Only when Westin lost his mind, he didn’t make ethical, medical, and legal violations. That’s just my thing.

“I never thought you would, Wes.”

He spins the bottle on the counter. “I can’t seem to hurt you, even though I want to. I just can’t do it.”

There’s a mix of anger and resentment, but underlying all that, there is still love. “You have every right to hate me.”

“If I could, it would make things easier.”

“I should go,” I say.

A sadness washes around us and I garner the self-restraint I have to hold it together. I want to fall into his arms, beg him to love me and forgive me, but I won’t. He deserves a chance to be happy, and I’ve done enough damage.

“Tomorrow is the review board, I told your father. You have to go over Allison’s case file, so I’ll be there.”

I nod. “Well, you’ll get to see it firsthand then.” I push the wine glass to the center of the island.

I can’t help it, I need to say goodbye to him. I move around the counter so there’s nothing between us, waiting to see if he’ll push me away, but he doesn’t.

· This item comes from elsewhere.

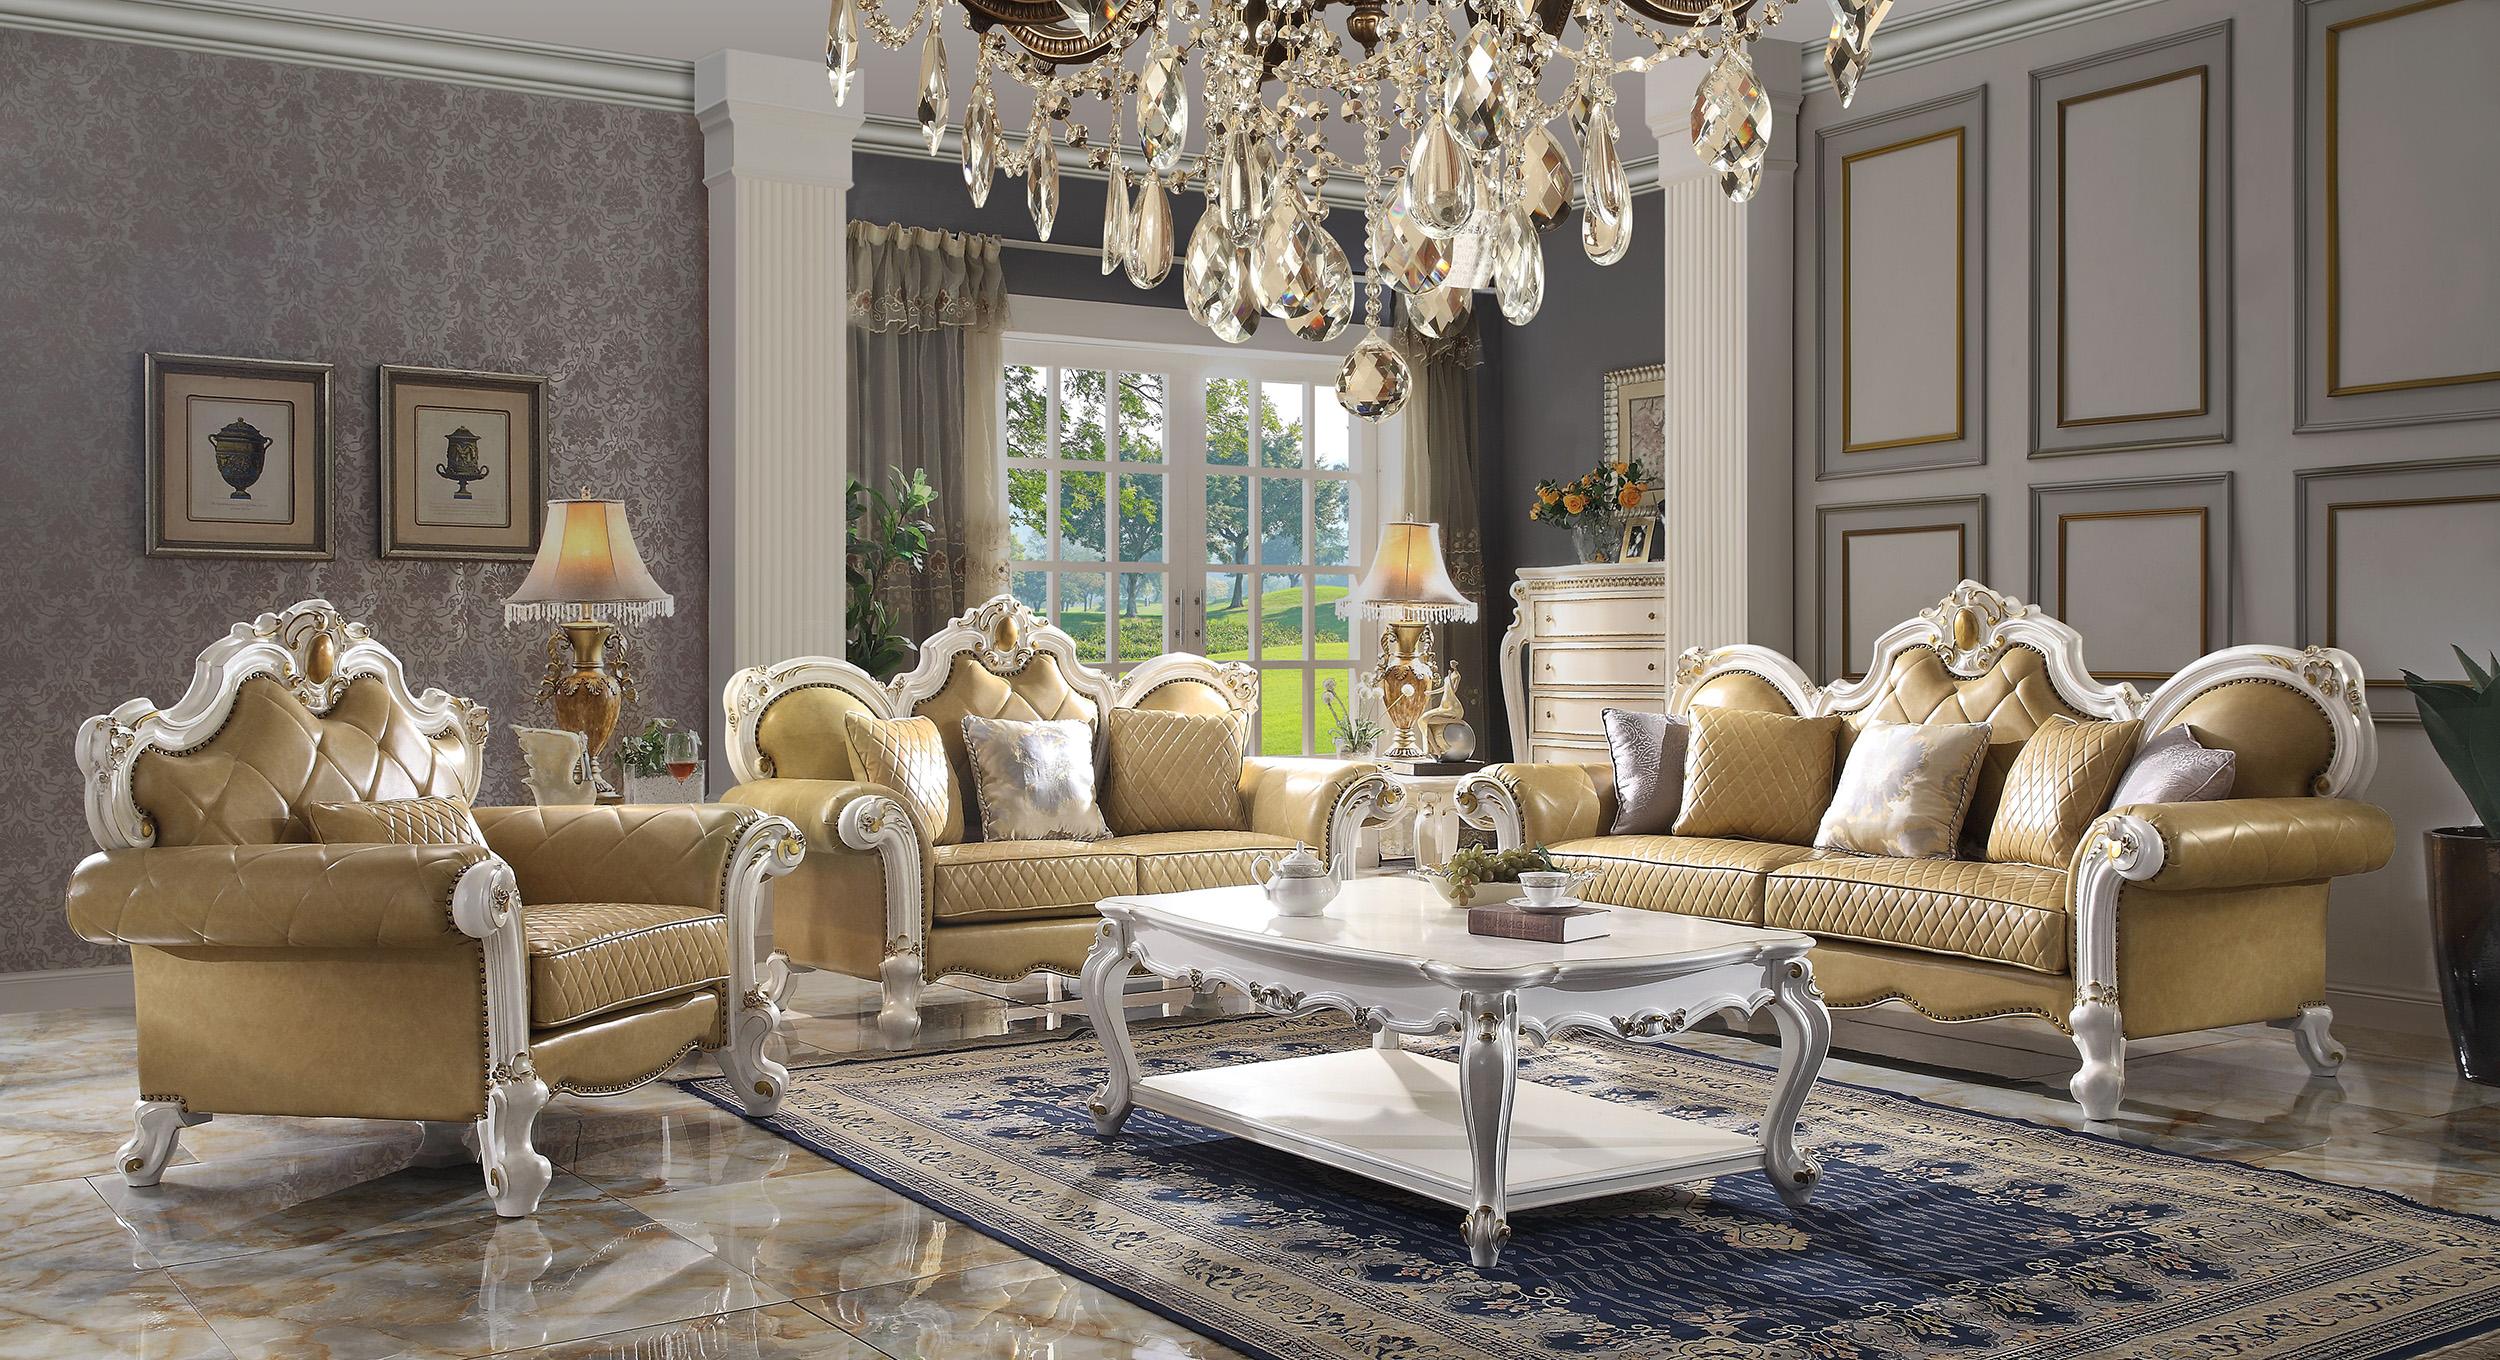 Classic, Traditional Sofa Set Picardy 58210 58210-Set-3 Picardy in Pearl, Antique, Yellow PU
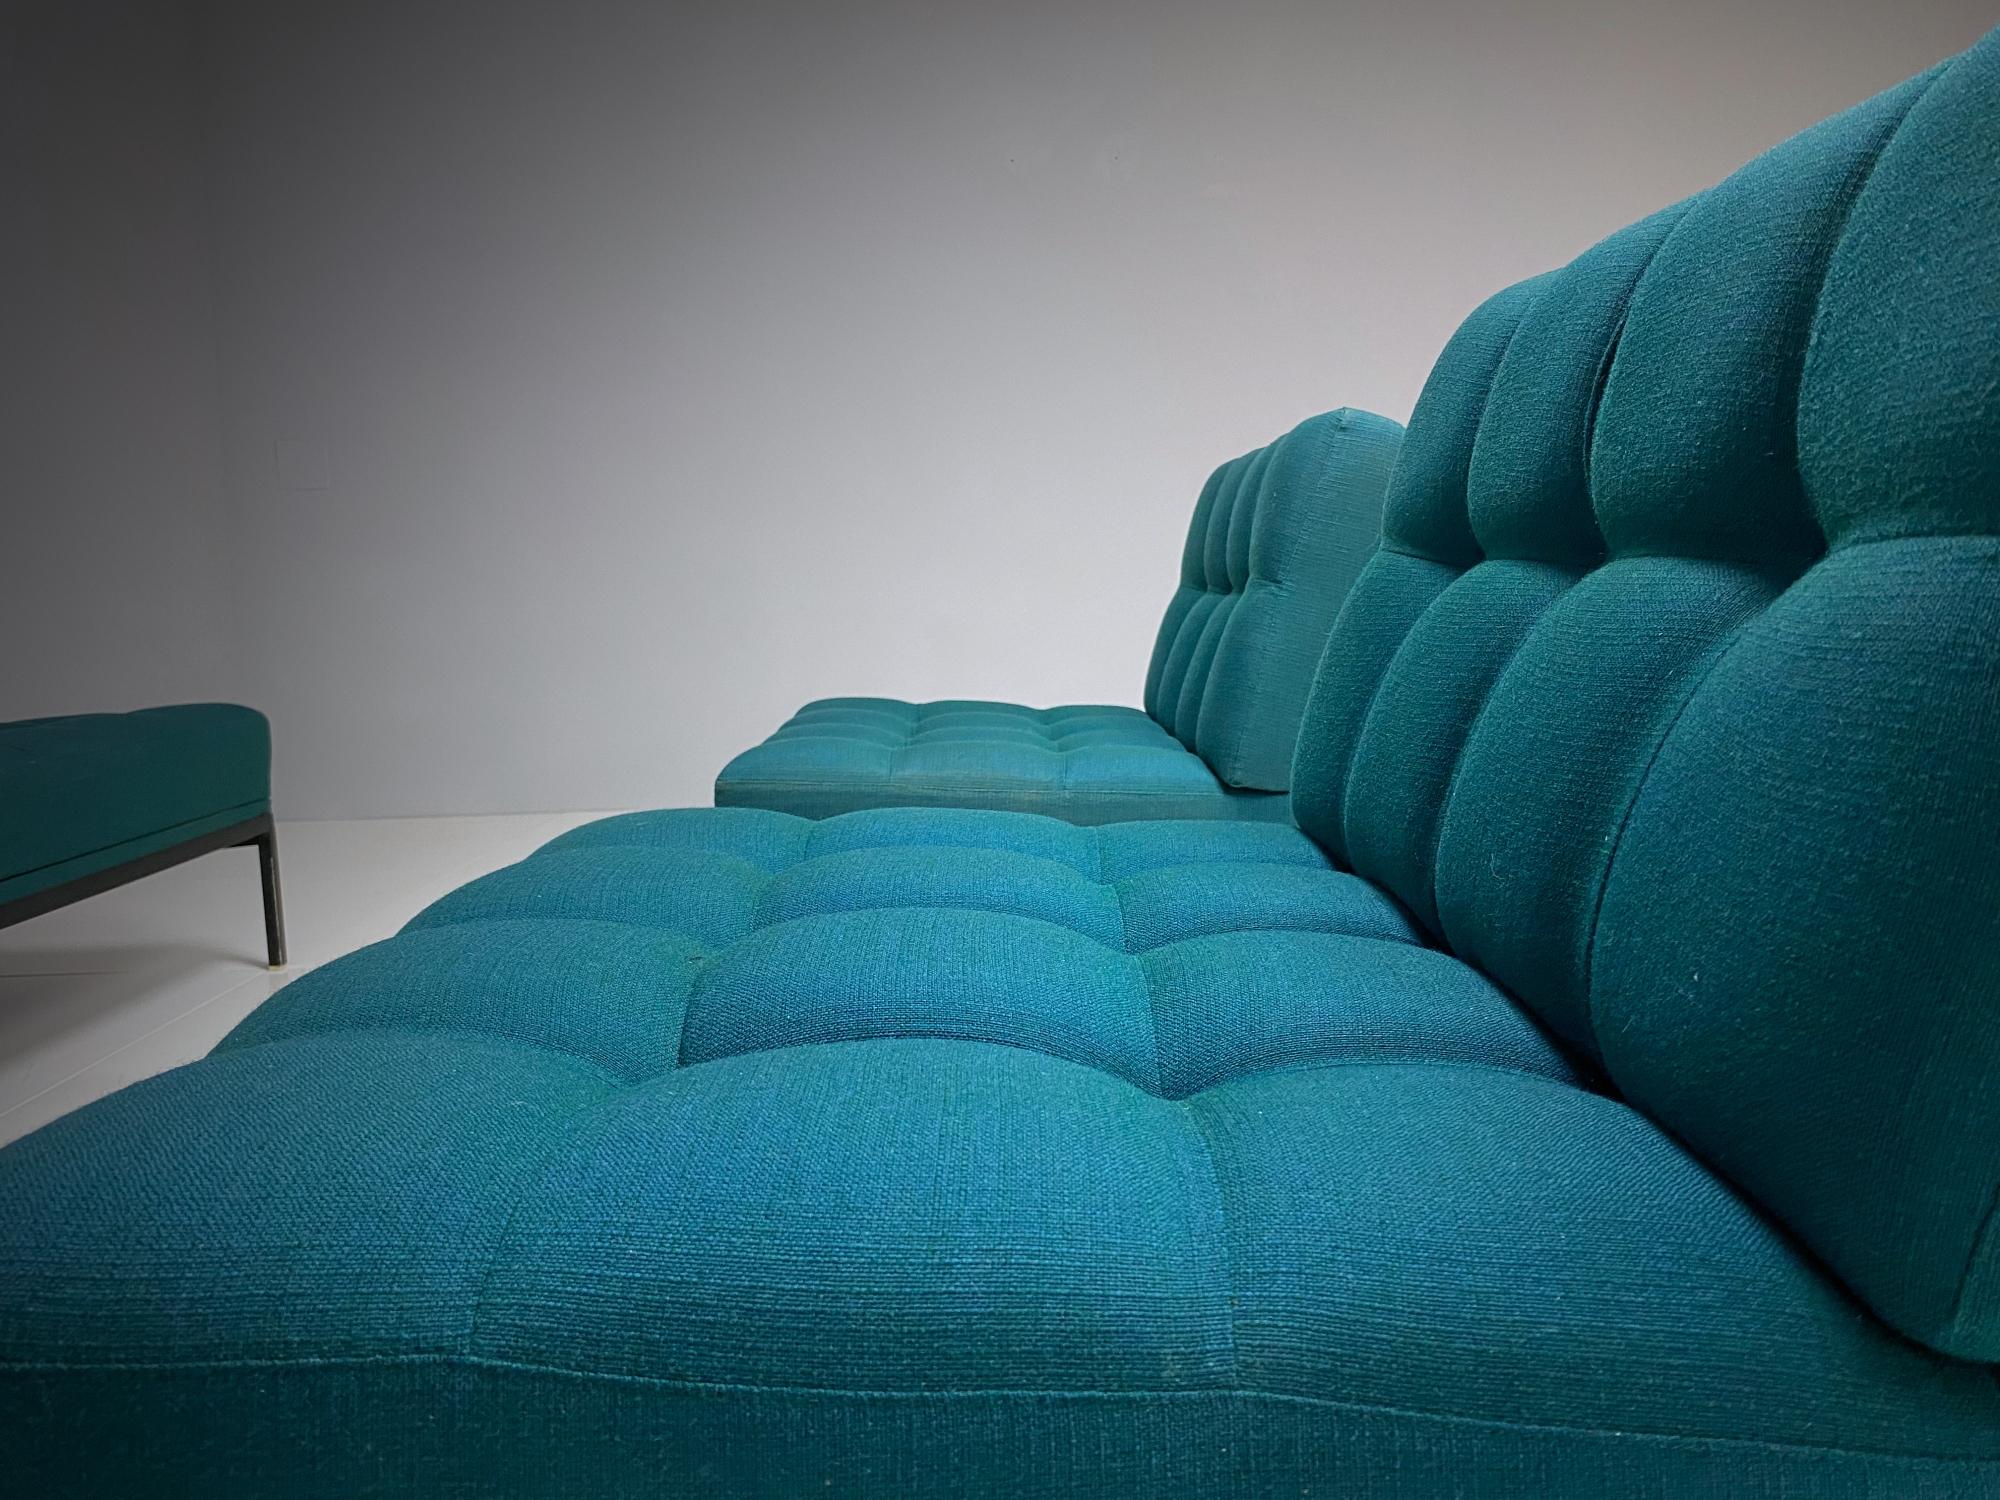 Wittmann Constanze Tufted Midcentury Sofa & Chairs by J. Spalt, 1970s, Austria For Sale 2

When I’m close enough, I lift up on my toes, take his face in my hands, and press my lips to his. It’s a sweet kiss filled with everything I have. I want him to know I love him, I’m sorry, I’m in pain, and I would do anything for him, but most of all, it’s goodbye.

I release him, drop back down, and the tear I fought back falls down my face.

“I will love you, until my last breath,” I say and then rush out of the apartment.